Ayahnya termasuk salah seorang teman Ishaq bin Rahawaih dan Ali bin Hajar.
Sebagaimana yang dikatakan Abu Abdillah Al Hakim, dia adalah salah seorang yang
tulisannya paling bagus.
Beliau wafat pada tahun 274 Hijriyah.
B. Lawatan
Ilmiah & Menuntut Ilmu
Ayahnya mengajaknya melakukan Rihlah ke Ashbahan
pada tahun 265 Hijriyah. Di sana
dia mendengar (hadits) dari Harun bin Sulaiman dan Usaid bin Ashim. Di Kufah
dia mendengar (hadits) dari: Ahmad bin Abdul Jabbar Al ’Utharidi, Ahmad bin
Abdul Hamid Al Haritsi, Al Hasan bin Ali Affan Al Amiri. Tapi di Al Ahwaz dan
Bashrah beliau tidak mendengar satu huruf pun. Kemudian beliau menunaikan
ibadah haji ke Makkah dan di sana
beliau mendengar (hadits) dari Ahmad bin Syaiban Ar-Ramli, teman Ibnu Uyainah.
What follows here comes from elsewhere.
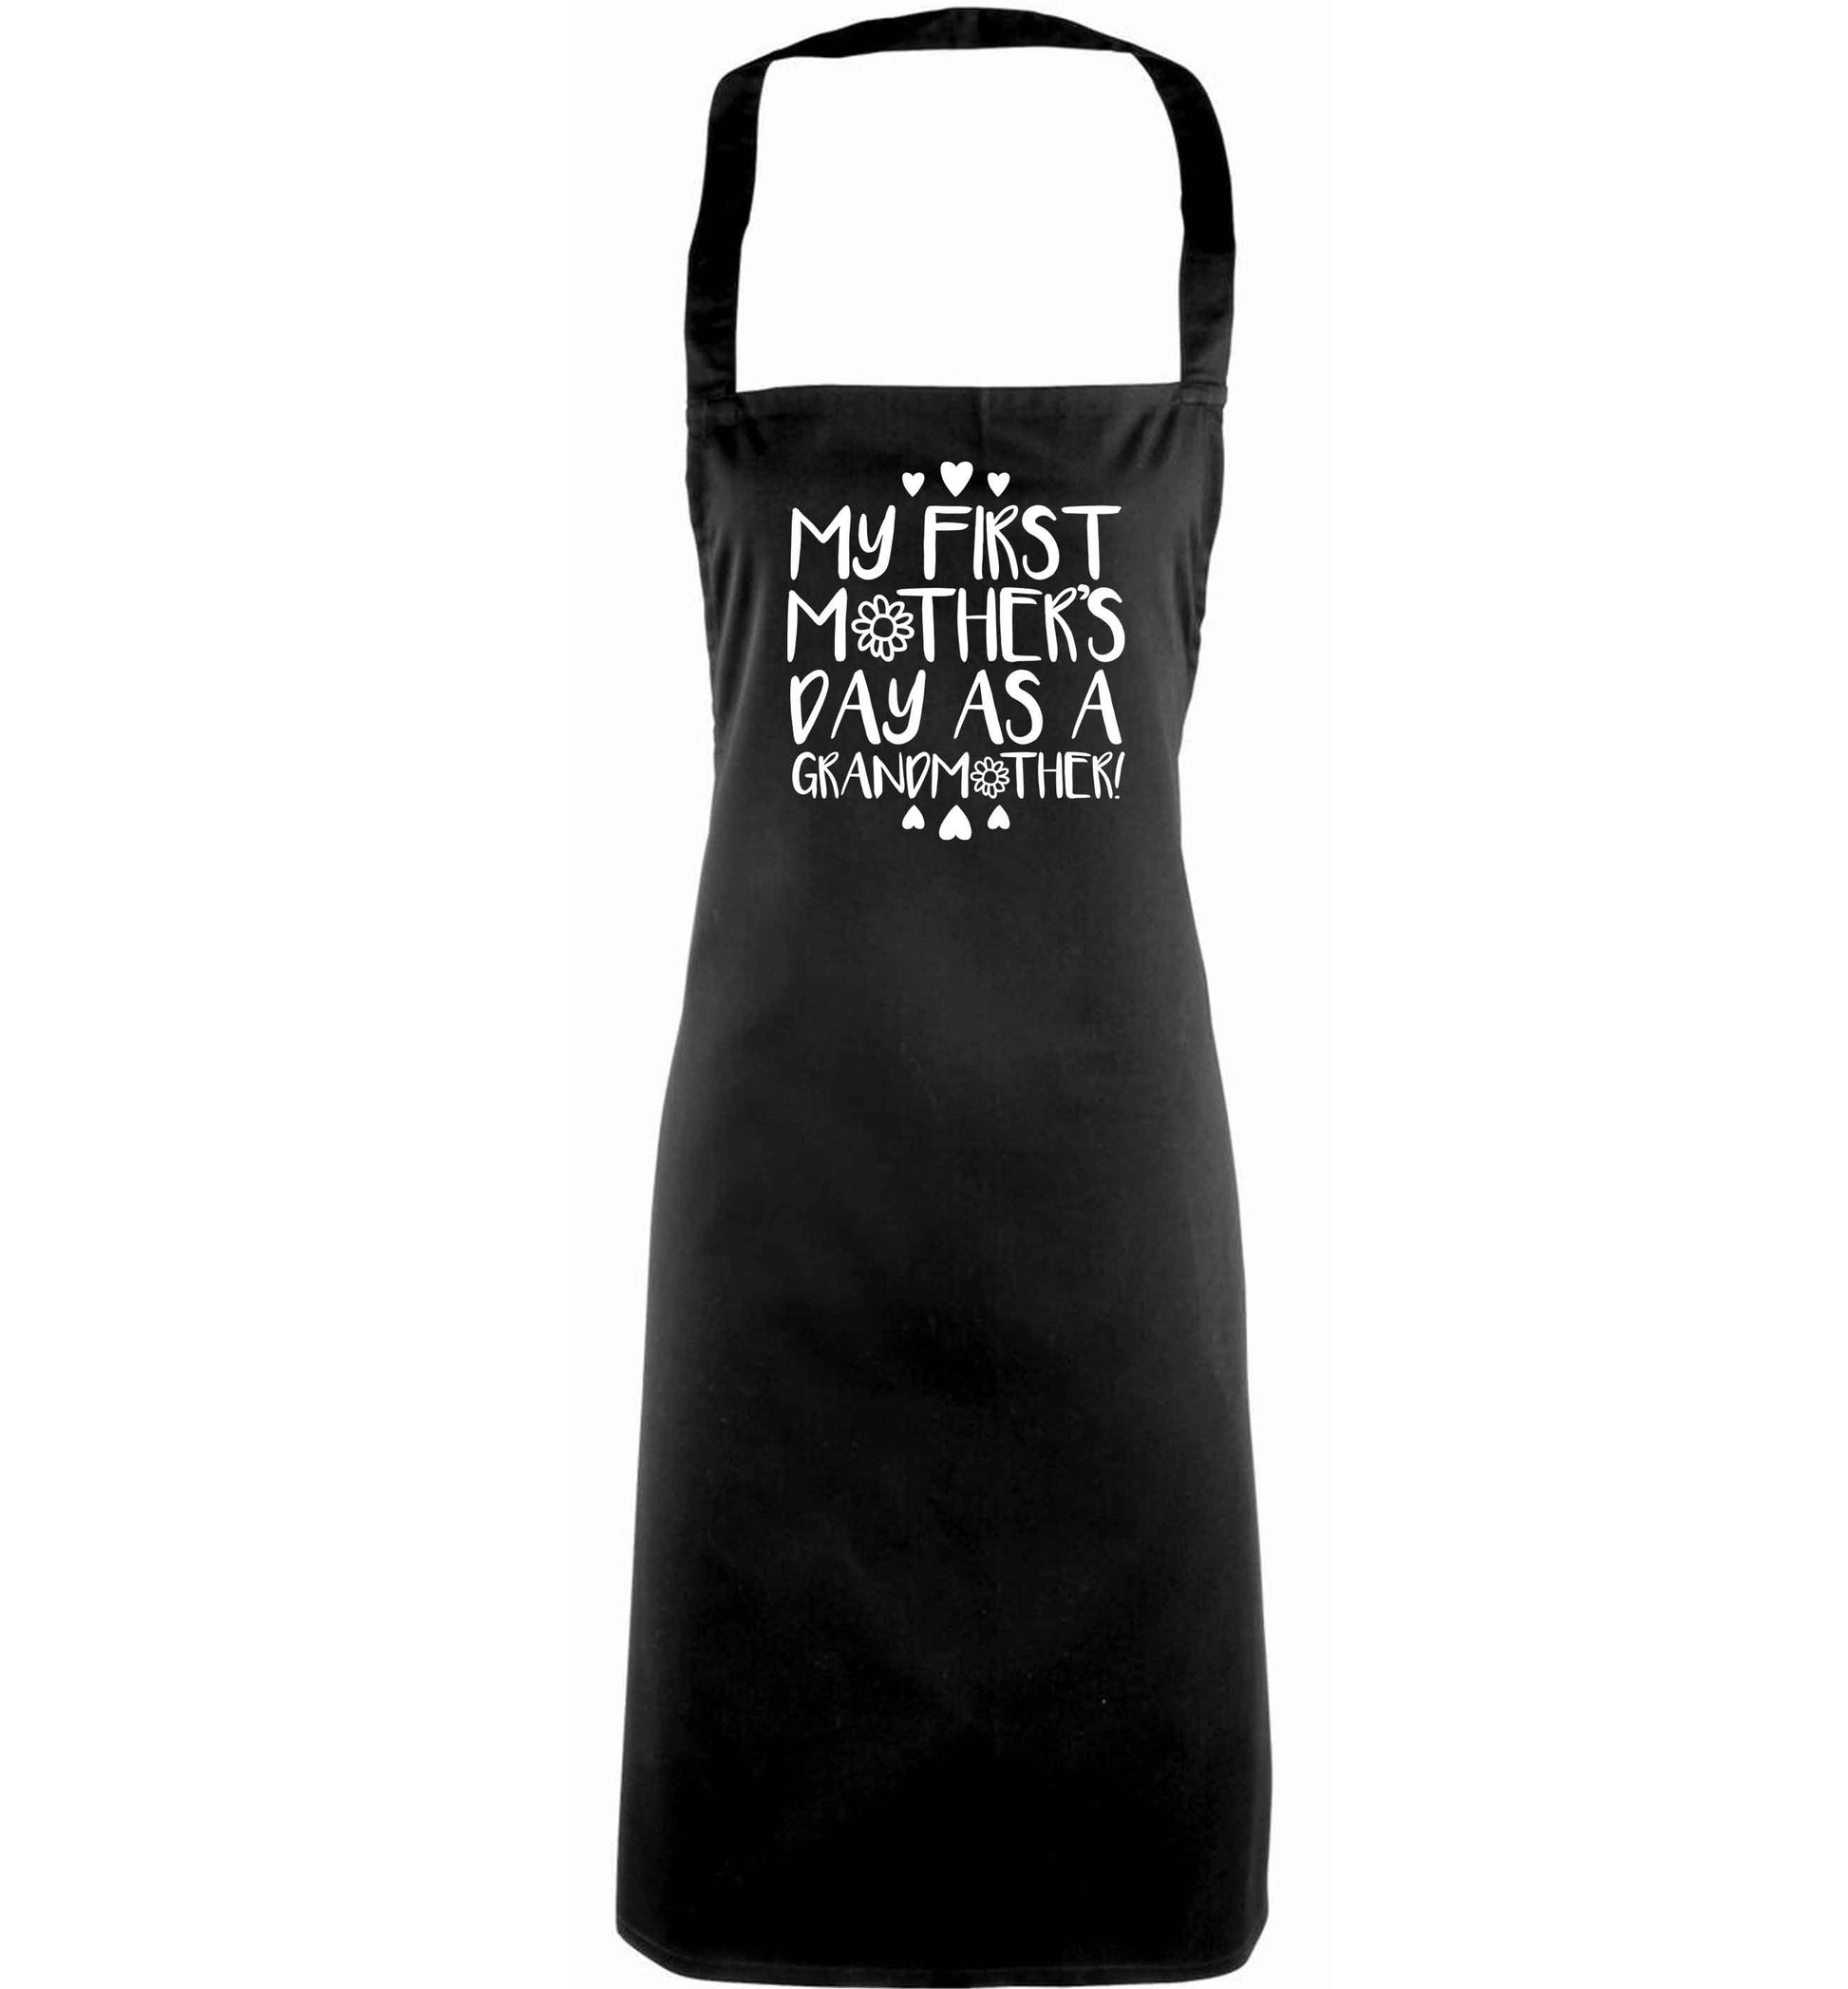 It's my first mother's day as a grandmother adults black apron

Dia hanya mendengar darinya saja. Sedangkan di Baghdad beliau mendengar
(hadits) dari Zakariya bin Yahya Asad Al Marwazi, teman Sufyan bin Uyainah,
Abbas Ad-Duri, Muhammad bin Ishaq Ash-Shaghani, Yahya bin Abi Thalib, Muhammad
bin Ubaidillah bin Al Munadi dan beberapa tokoh lainnya.
Di Mesir beliau mendengar dari: Muhammad bin Abdullah bin
Abdul Hakam, Ar-Rabi’ bin Sulaiman Al Muradi, Bahr Ibnu Nashr Al Khaulani dan
ulama-ulama yang semasa dengan mereka.
Di Damaskus beliau mendengar dari: Muhammad bin Hisyam
bin Mallas An-Numairi, Yazid bin Abdush Shamad dan Abu Zur’ah An-Nashri.
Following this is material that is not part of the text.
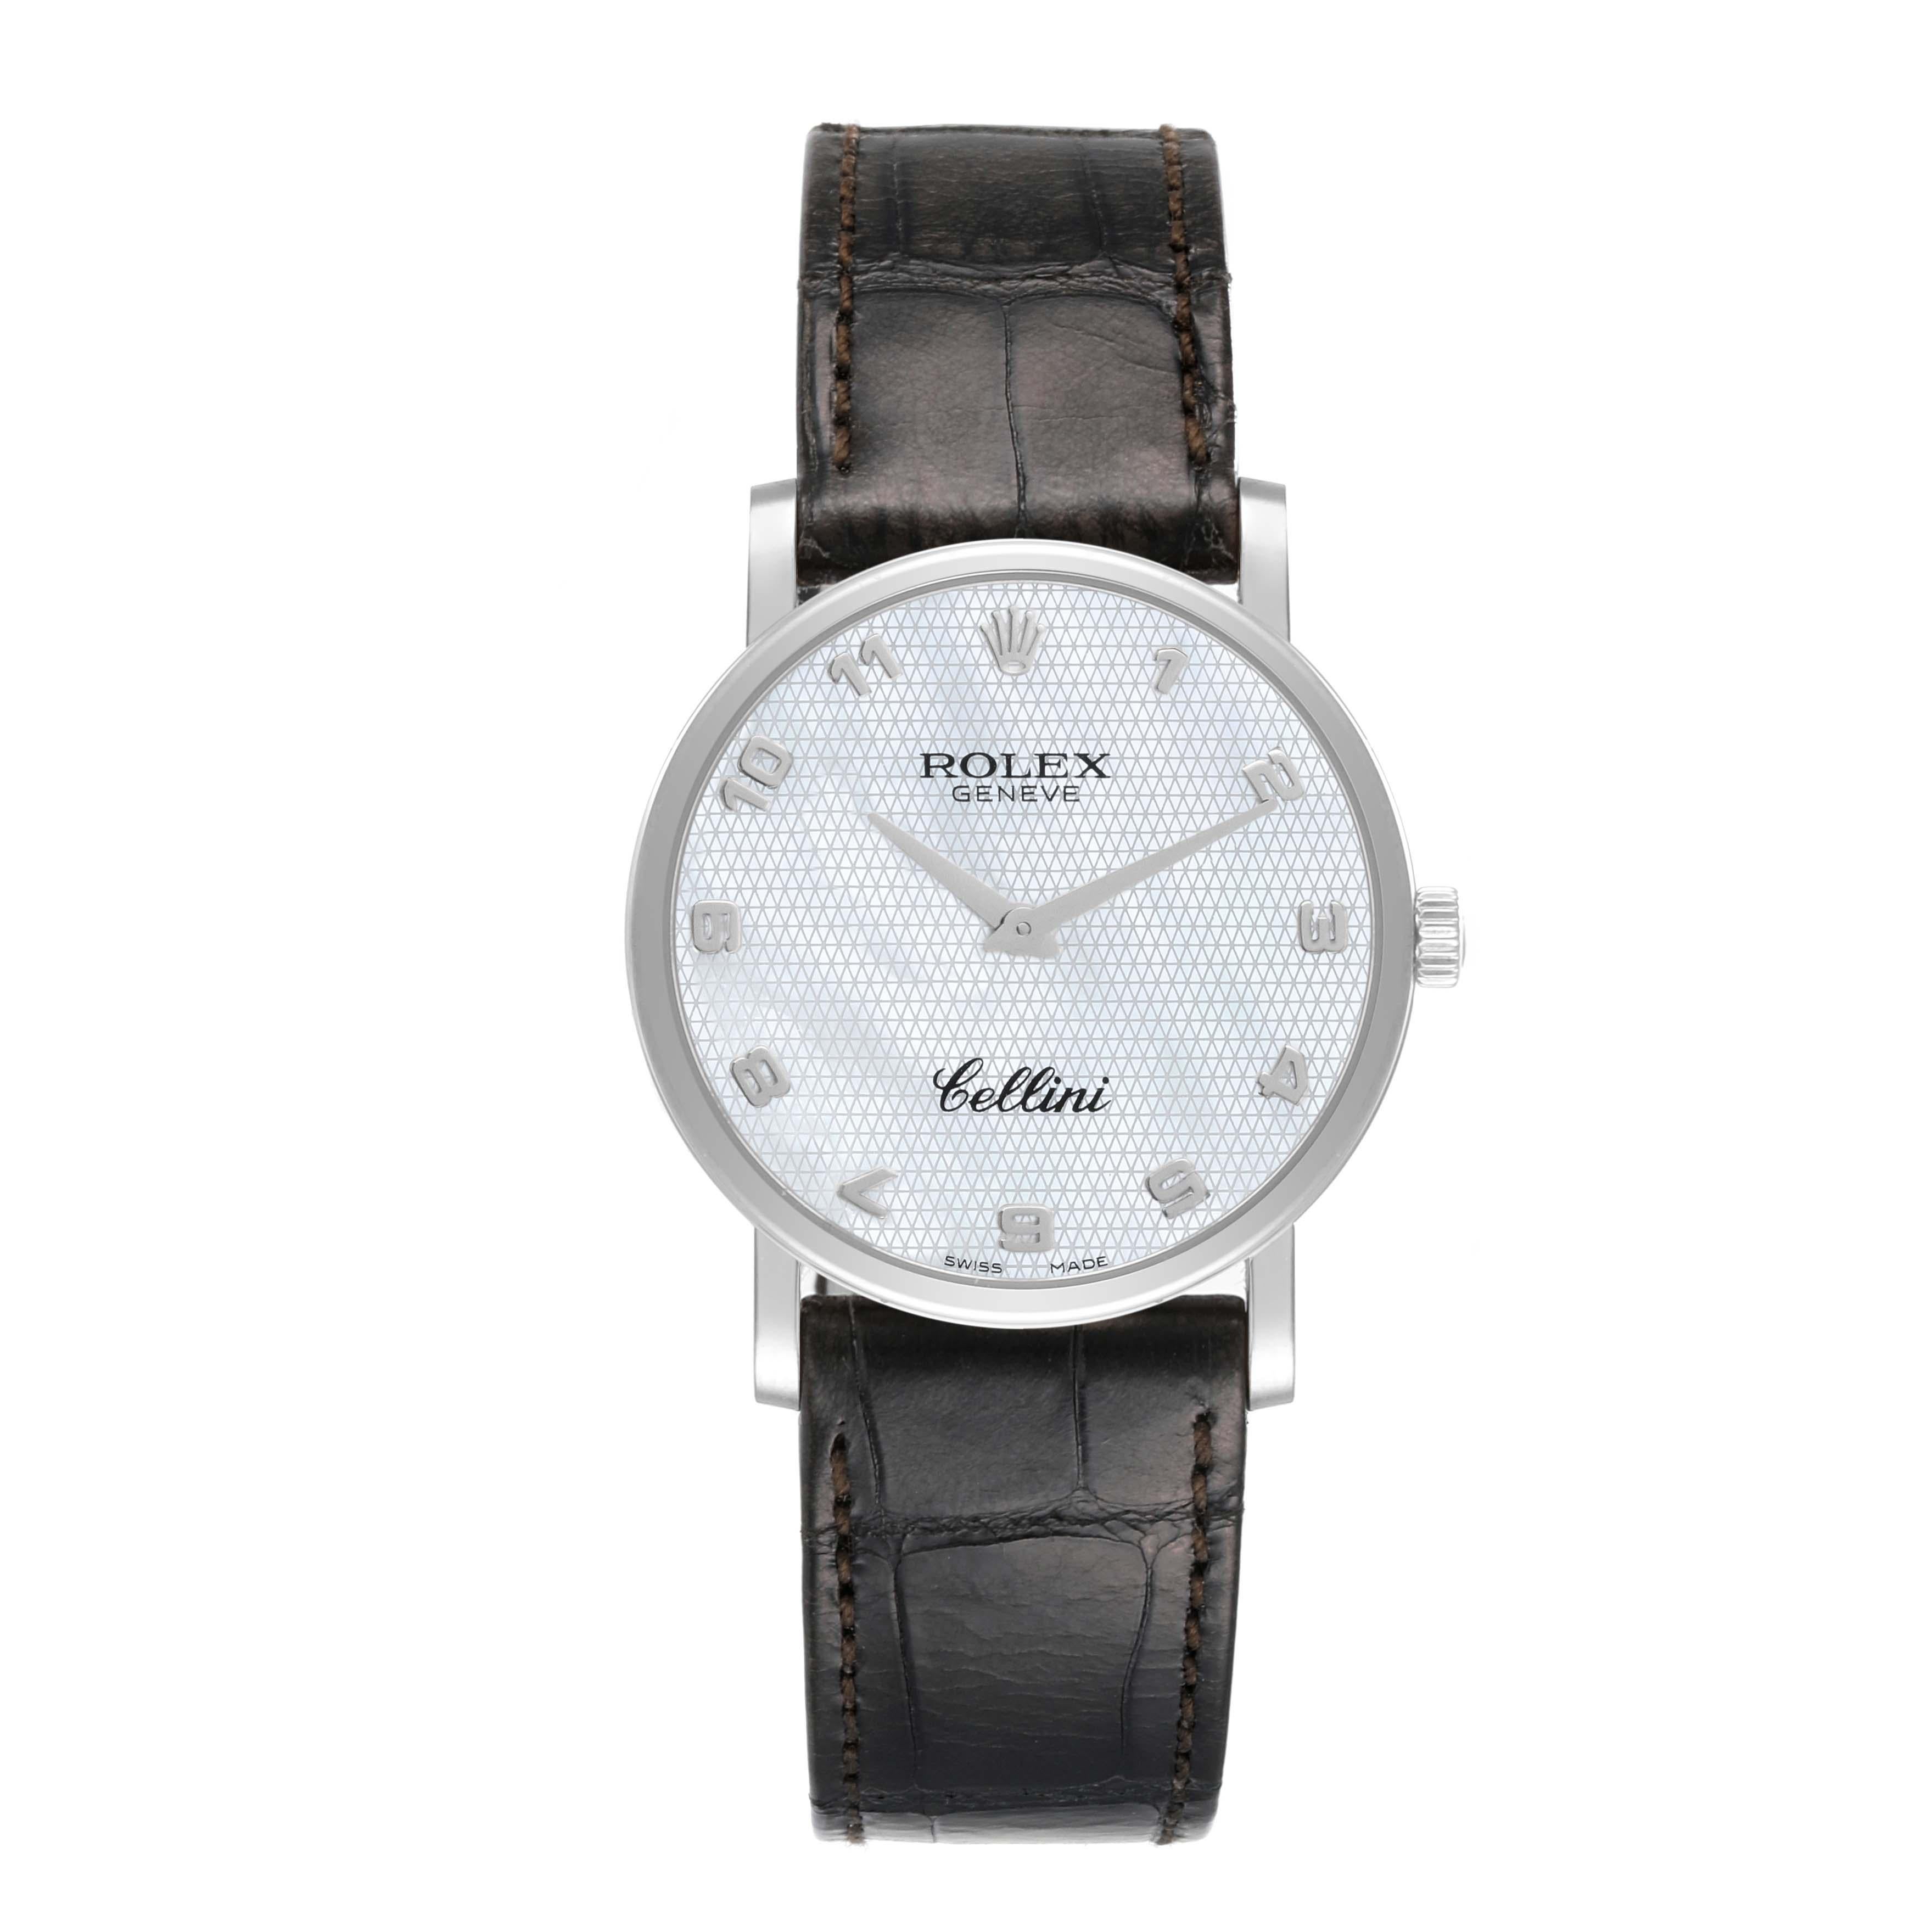 Rolex Cellini Classic White Gold Mother Of Pearl Dial Mens Watch 5115 Unworn. Manual winding movement. 18k white gold slim case 31.8 x 5.5 mm in diameter. Rolex logo on the crown. . Scratch resistant sapphire crystal. Flat profile. Textured mother

Di Beirut beliau mendengar dari: Al Abbas bin Al Walid Al
’Adzri.
Di Thursus beliau mendengar dari: Abu Umayyah
Ath-Thurthusi.
Di Himsh beliau mendengar dari: Muhammad bin ’Auf dan Abu
Utbah Ahmad bin Al Faraj.
Di Al Jazirah beliau mendengar dari: Muhammad bin Ali bin
Maimun Ar-Raqi.
Beliau mendengar Al Maghazi dari teks Al ’Utharidi
dan mendengar karya-karya Abdul Wahhab bin Atha` dari Yahya bin Abi Thalib.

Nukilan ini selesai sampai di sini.